Russian dissident milblogger

Andrey Vladimirovich Kurshin (Андрей Владимирович Куршин) is a Russian milblogger who ran the Moscow Calling channel on Telegram. Kurshin gained notoriety for being arrested by Russian authorities for discrediting the Russian Armed Forces during the Russian invasion of Ukraine.

==Biography==
Kurshin was born on 12 June 1988. He fought for the self-proclaimed Donetsk People's Republic from 2014 to 2015 under the call sign Moskva during the war in Donbas. Upon returning to Russia, Kurshin started the Moscow Calling channel to cover the Russo-Ukrainian War and notably adopting a more moderate position on the war. While running Moscow Calling, Kurshin also worked as a software engineer for the firm Rif, which develops weapons-related software, and claims to have contacts in high places within the Russian military.

===Moscow Calling===
Moscow Calling was run by Kurshin anonymously and frequently espoused ultranationalist views and become one of the leading milbloggers criticising the supposed inadequacy and ineptitude of the Russian Ministry of Defence's planning, fighting, and leadership during the Russian invasion of Ukraine. Kurshin would be doxxed by his fellow milbloggers as the administrator of Moscow Calling after joking about the assassination of Vladlen Tatarsky in April 2023. Kurshin frequently posted in favour of fellow dissident ultranationalist Igor Girkin. In May 2023, he claimed that pro-war activists threw a brick through the window of his mother's house. At the time of his arrest Moscow Calling had 87,000 followers.

===Arrest and sentence===
On 31 August 2023, shortly after Moscow Calling made a post of a video of members of the 205th Separate Motor Rifle Brigade complaining about poor uniforms and shoddy equipment, Kurshin would be arrested at a train station. The Russian state news agency TASS reported that Kurshin was arrested for violating Article 207.3 of the Criminal Code of Russia for the "dissemination of deliberately false information about the Russian Armed Forces".

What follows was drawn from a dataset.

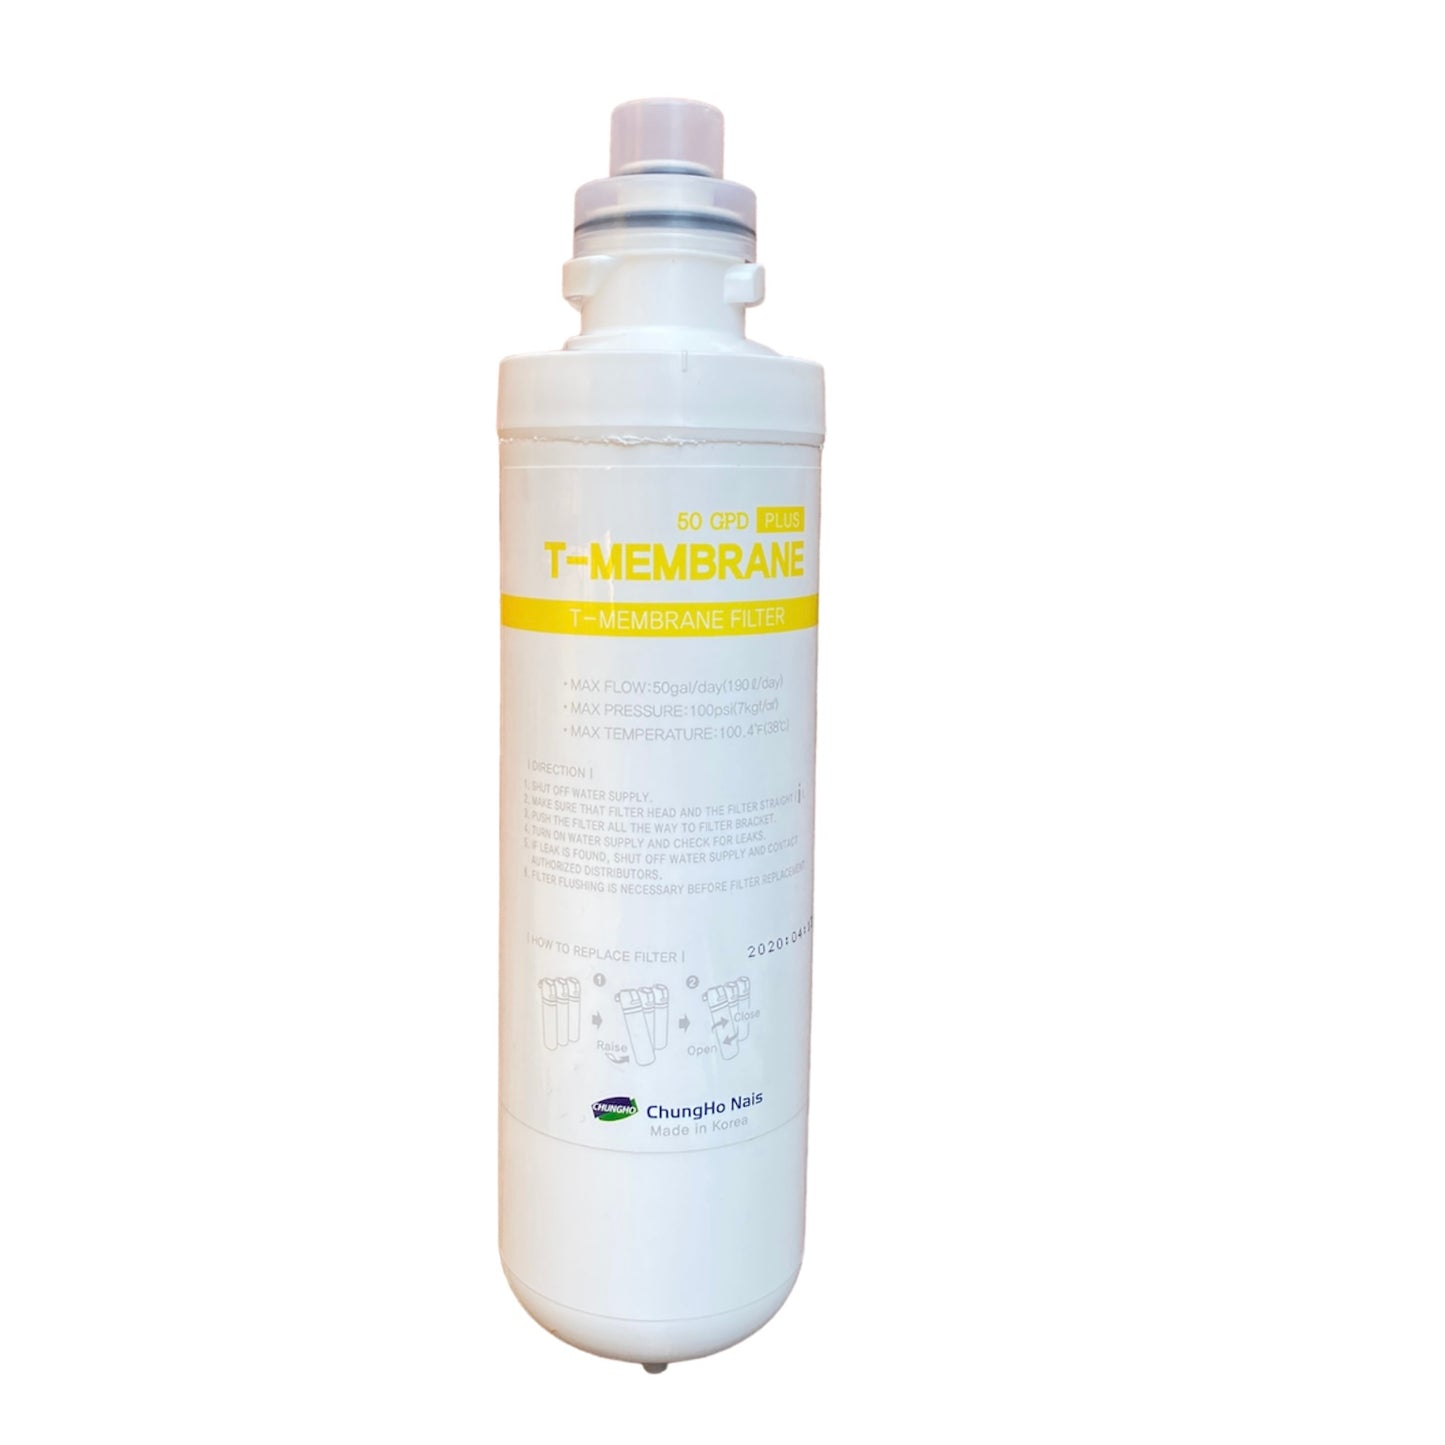 T-Membrane 50 GPD für Osmose Wasserfilter Tiny, Pinguin II, WHI Caffee, Ambient, Omni, CHP-3960DL, CHP-3931D, CHP-4030D, CHP-5230S

Several of Moscow Callings post where used as evidence in court, namely, posts between 14 September and 23 November 2022, covering Russian shelling of Zaporizhzhia Oblast and a strike near a dam on the river Inhulets near Kherson. Facing ten years in prison, Kurshin plead guilty to the charges on 1 September in a hope to get a reduced sentence. On 7 August 2024, Kurshin was sentenced to 6 and a half years in prison.